To do
Print nothing but the lines below starting at the line that holds "Antibacterial and Antioxidant" and ending at the line that holds "Raphtalia | The", including both, each exactly as written.

Records for the exercise
- - - - -

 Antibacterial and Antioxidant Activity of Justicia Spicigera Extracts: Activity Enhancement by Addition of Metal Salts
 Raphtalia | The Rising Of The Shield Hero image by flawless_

- - - - -

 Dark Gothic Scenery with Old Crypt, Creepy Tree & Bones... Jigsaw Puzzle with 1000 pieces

- - - - -

The completed task
 Antibacterial and Antioxidant Activity of Justicia Spicigera Extracts: Activity Enhancement by Addition of Metal Salts
 Raphtalia | The Rising Of The Shield Hero image by flawless_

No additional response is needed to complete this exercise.